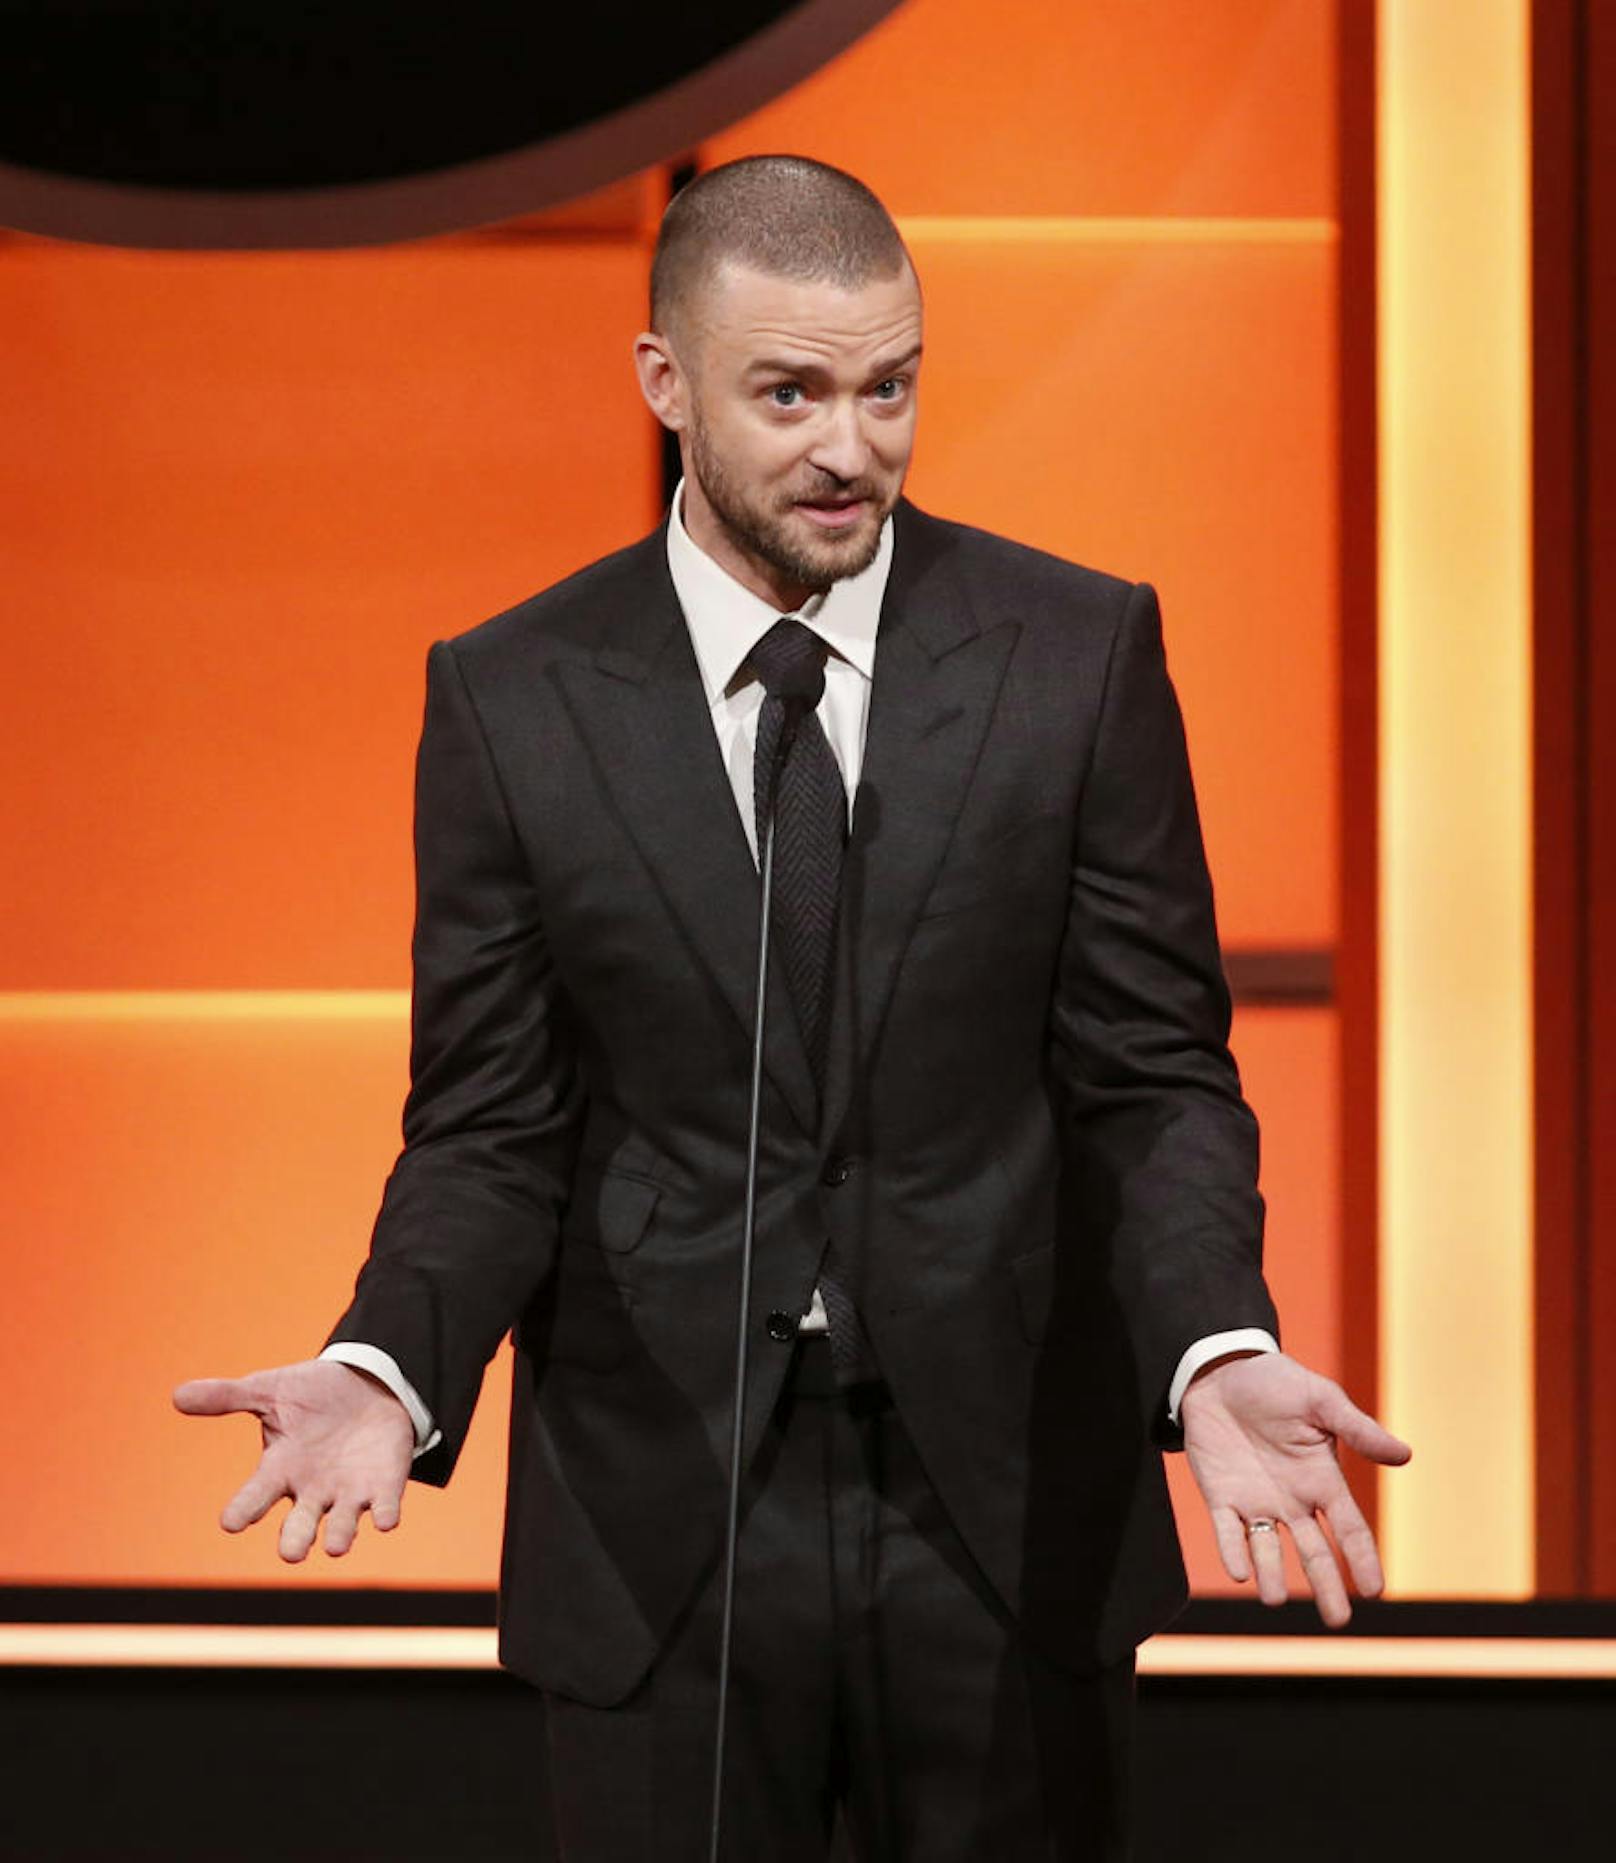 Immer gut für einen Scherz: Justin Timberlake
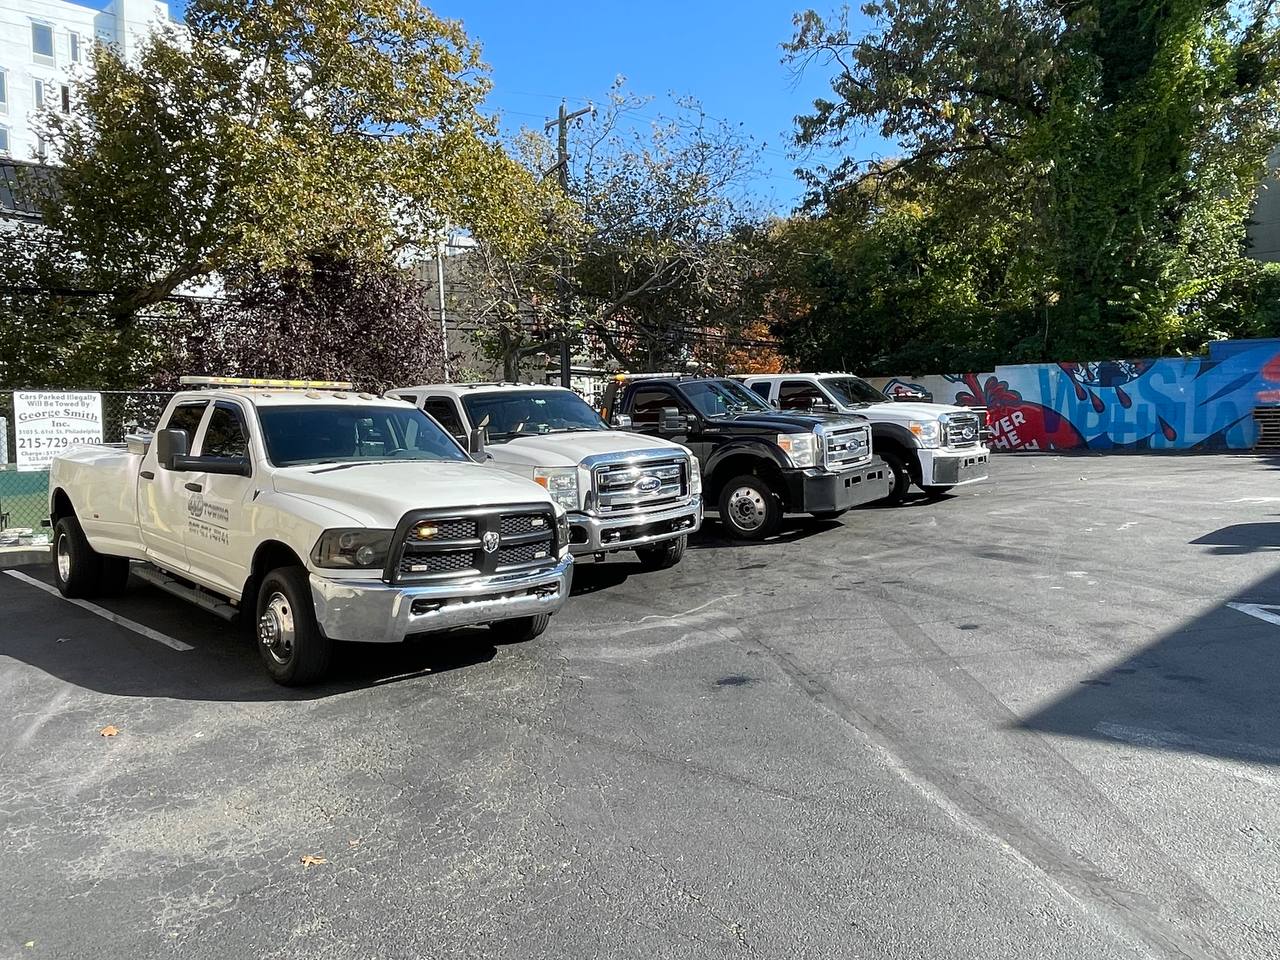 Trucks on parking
--
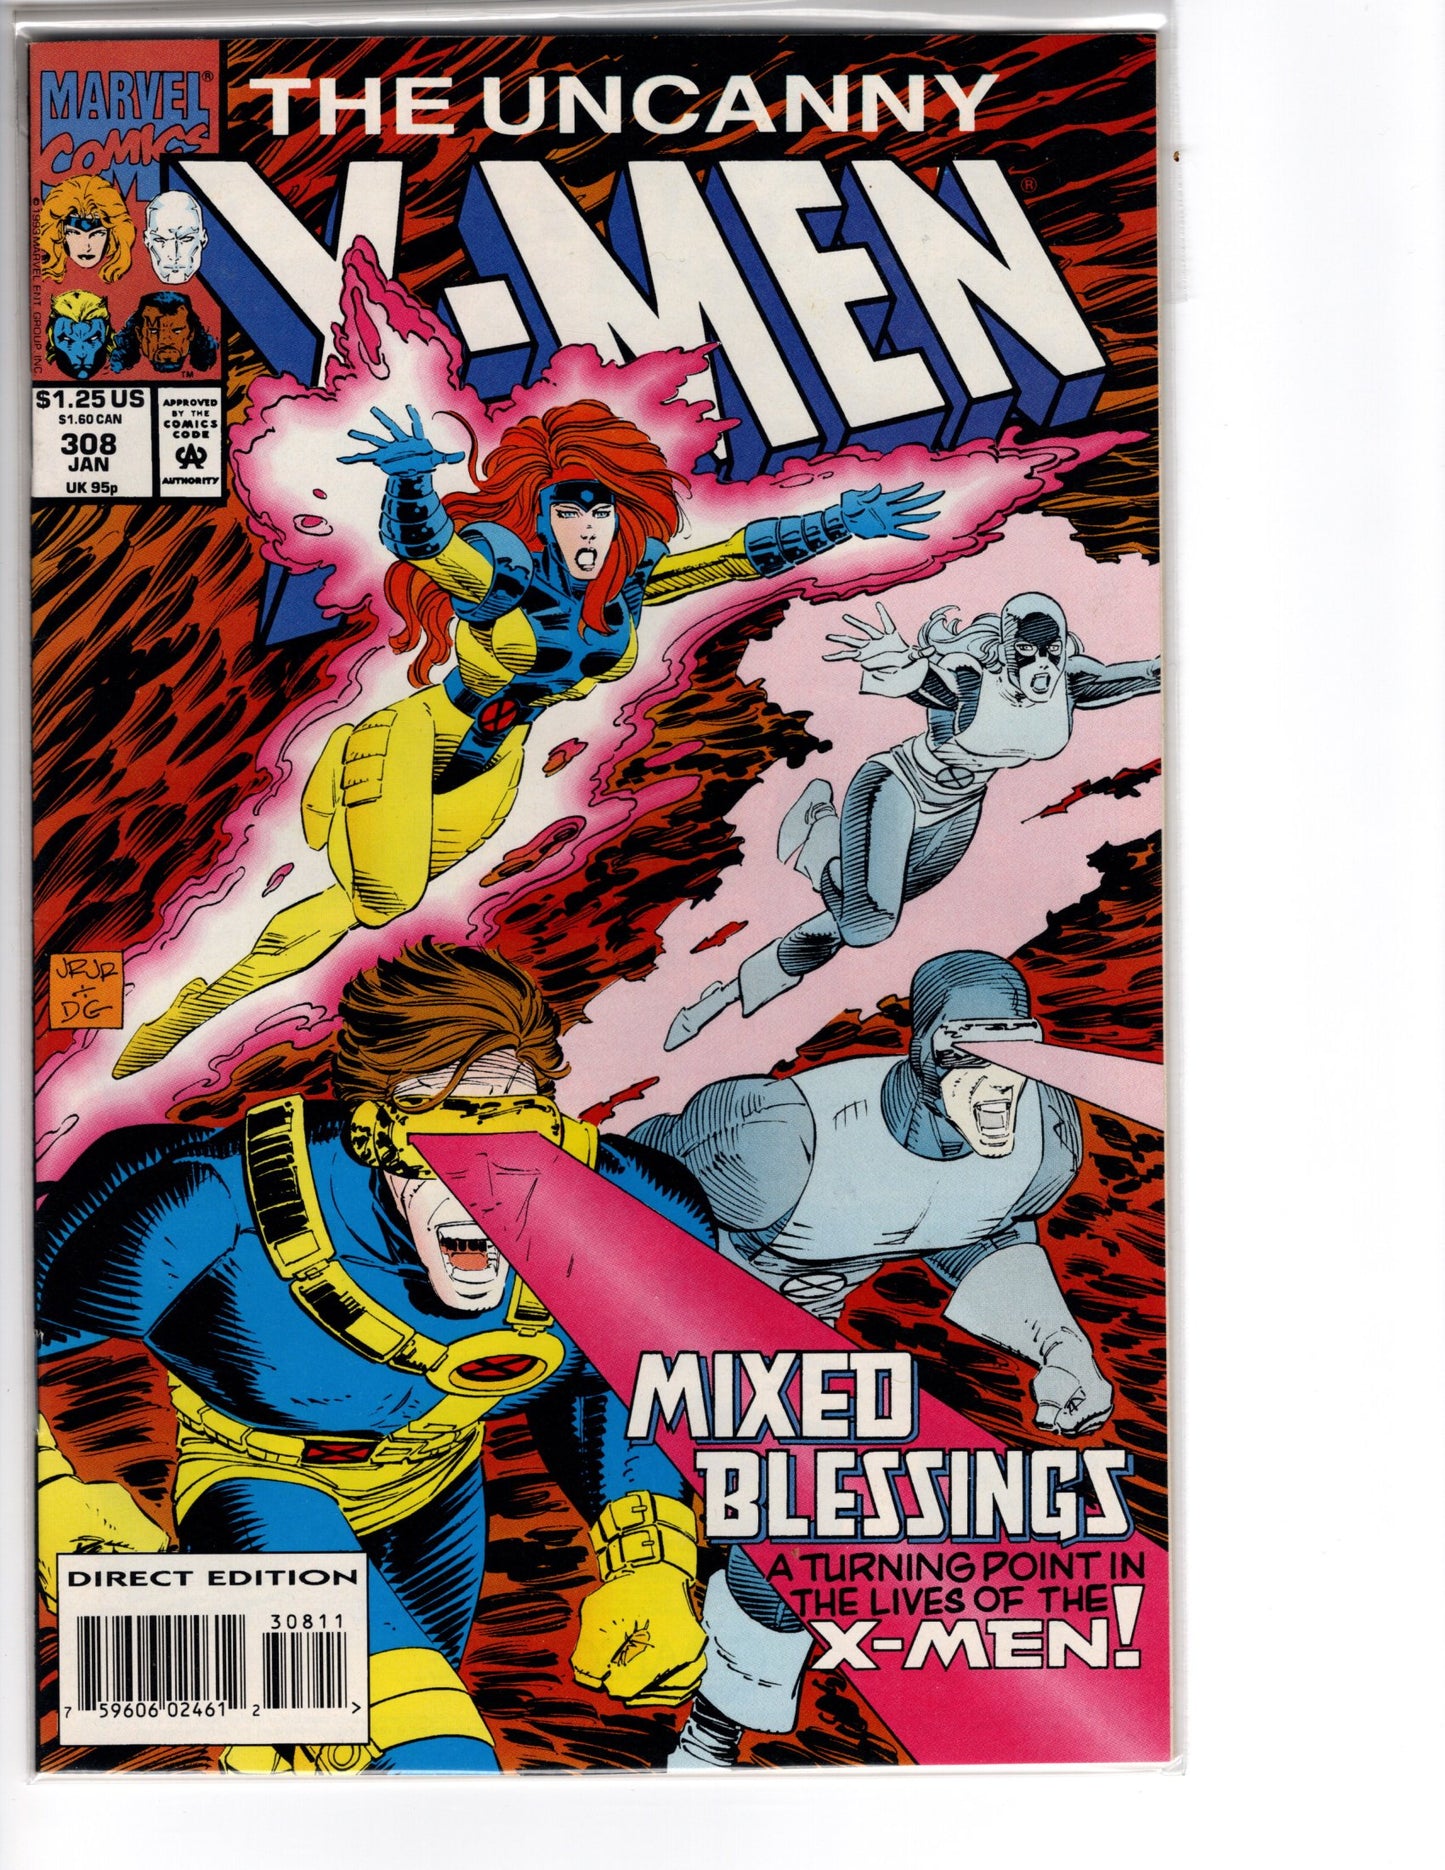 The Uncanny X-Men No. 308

[The problem] Transcribe the listing above exactly, but only from the line with "Immer gut für" through the line with "Trucks on parking". Include both of those lines and omit the pictures.

[Task solution]
 Immer gut für einen Scherz: Justin Timberlake
 Trucks on parking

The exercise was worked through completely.